There are 2 implementations in OpenCV:
  1. classical random-sequential back-propagation
  2. batch RPROP (default)
There are 3 choices of activation function - used for all layers of neurons:
  1. Identity - simply the weighted sum
  2. Sigmoid (default) - result would be converted to -1 to 1 (zero-crossing at x=0)
  3. Gaussian (not completely supported?)
Things to consider when deciding network topology (# layers, # hidden nodes)
  • Too big causes over-fitting
  • Takes long time to train
Recommends pre-process the inputs with CalcPCA (Principal Component Analysis) to reduce the dimension of feature-vector - speed up training.
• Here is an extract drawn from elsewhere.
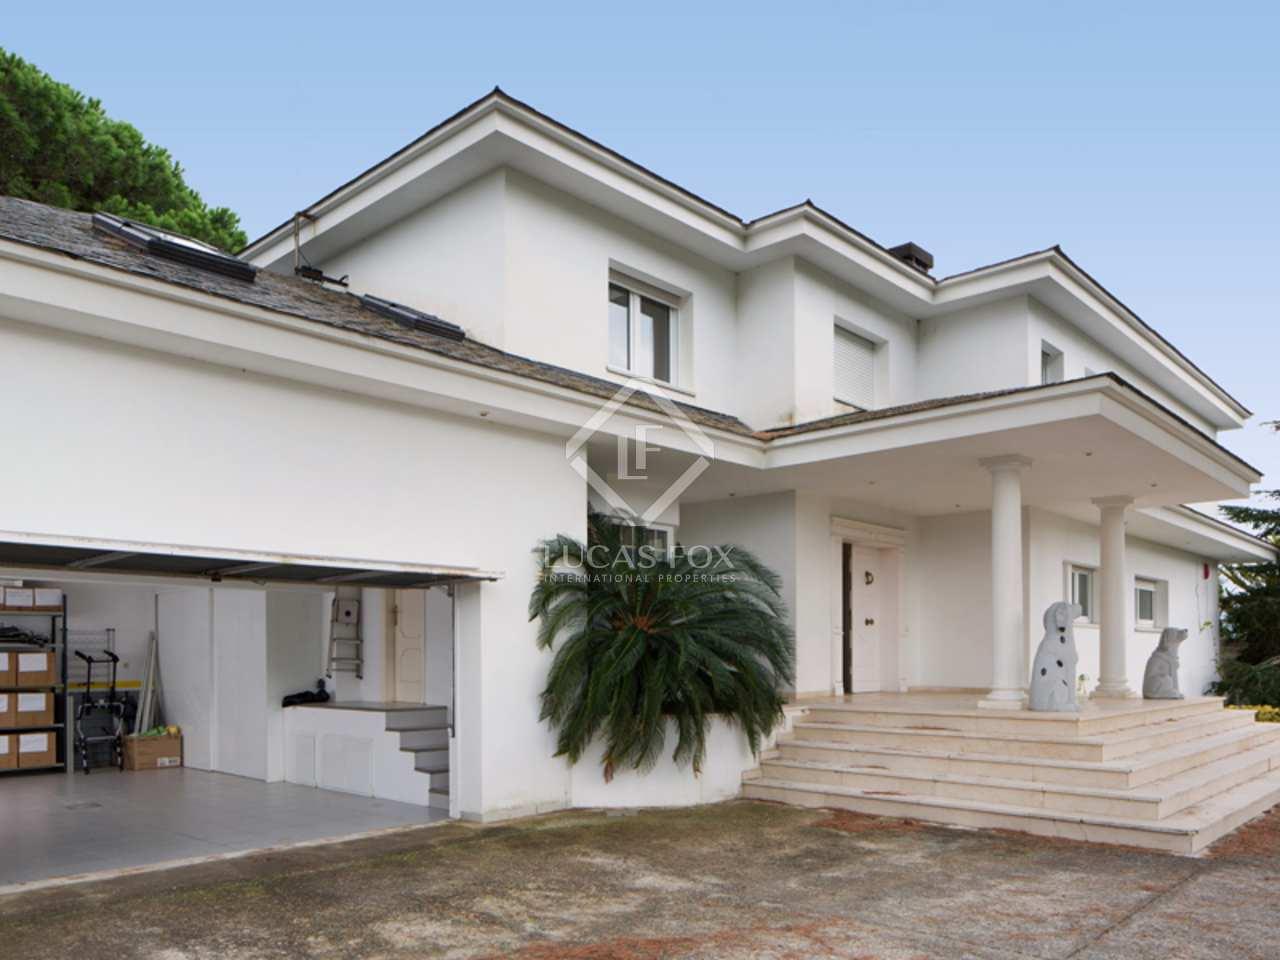 Villa bien construida en venta en arenys de munt en la - Casa arenys de munt ...

ANN is designed for numerical data, the API documentation suggests a work-around to handle categorical data.

Parameters
  • Training Method
  • Activation function
  • Network topology: Number of nodes at each layer and number of layers
  • Free parameters: activation functions (alpha, beta) - shape the Sigmoid
Sample (letter-recog.cpp, for comparing with Random Trees and AdaBoost)
  • 80% sample data used for training
  • Topology: Input layers 16 nodes, 2 hidden layer @ 100 nodes each, Output layer 26 nodes
  • Unroll categorical response data (A...Z) to numerical. In this case, each response is a 26-element vector, conceptually representing a bit-vector. For example, if the response is 'C', then the 3rd element is set to 1, others kept at 0. The choice of 26-element vector because it corresponds to the 26 output layer nodes.
  • Is there any easy way in OpenCV to create a new matrix out of an arbitrary set of columns from an existing matrix (without copying)?
Observations (16000 training samples, 16-variable feature-vector, 26 classes)
  • Classical Random-Sequential BP (bp_bw_scale=0.001): train 95.2% test 93.5% (Build-time 3367.66 secs !)
  • RPROP (rp_dw0=0.05): train 75.6% test 74.3% (Build-time 1350.67 secs)
  • RPROP(rp_dw0=0.1): train 78.9% test 78% (Build-time 1333.09 secs)
  • RPROP(rp_dw0=1.0): train 15.2% test 14.3% (Build-time 1329.59 secs)
Code
RPROP parameter rp_dw0 is initialized to different values (0.1,  1.0) in various occasions. Why?

Readings
  • http://en.wikipedia.org/wiki/Backpropagation . Wikipedia article about the back-propagation algorithm.
  • LeCun, L. Bottou, G.B. Orr and K.-R. Muller, “Efficient backprop”, in Neural Networks—Tricks of the Trade, Springer Lecture Notes in Computer Sciences 1524, pp.5-50, 1998.
  • Riedmiller and H. Braun, “A Direct Adaptive Method for Faster Backpropagation Learning: The RPROP Algorithm”, Proc. ICNN, San Francisco (1993).

4 comments:

  1. Grate - but would you mind sharing some code?

    ReplyDelete
  2. @Oleg I am not sure which code you are referring to. I was using 'letter_recog.cpp' sample from OpenCV 2.2.

    ReplyDelete
  3. Hi,
    I have 2 questions:
    1. where your samples come from, and what are they look like?
    2. could you tell me more about the principal composant analysis you performed on your datas?
    I work on a guide robot project, I do computer vision, and I will probably use NN to recognize classrooms numbers.

    Thx!!

    ReplyDelete
  4. I don't have real-life samples for this. I simply used the feature-vector and responses from letter-recognition.data. And that file is located at OpenCV/samples/cpp/.
    I have not performed the PCA either because I don't have the samples and feature-extraction method.
    Just now I looked up from the OpenCV book and I think you could find more information here:
    http://yann.lecun.com/exdb/mnist/
    And the paper by LeCun et al:
    Gradient-Based Learning Applied to Document Recognition
    Hope this helps with your robot project!

    ReplyDelete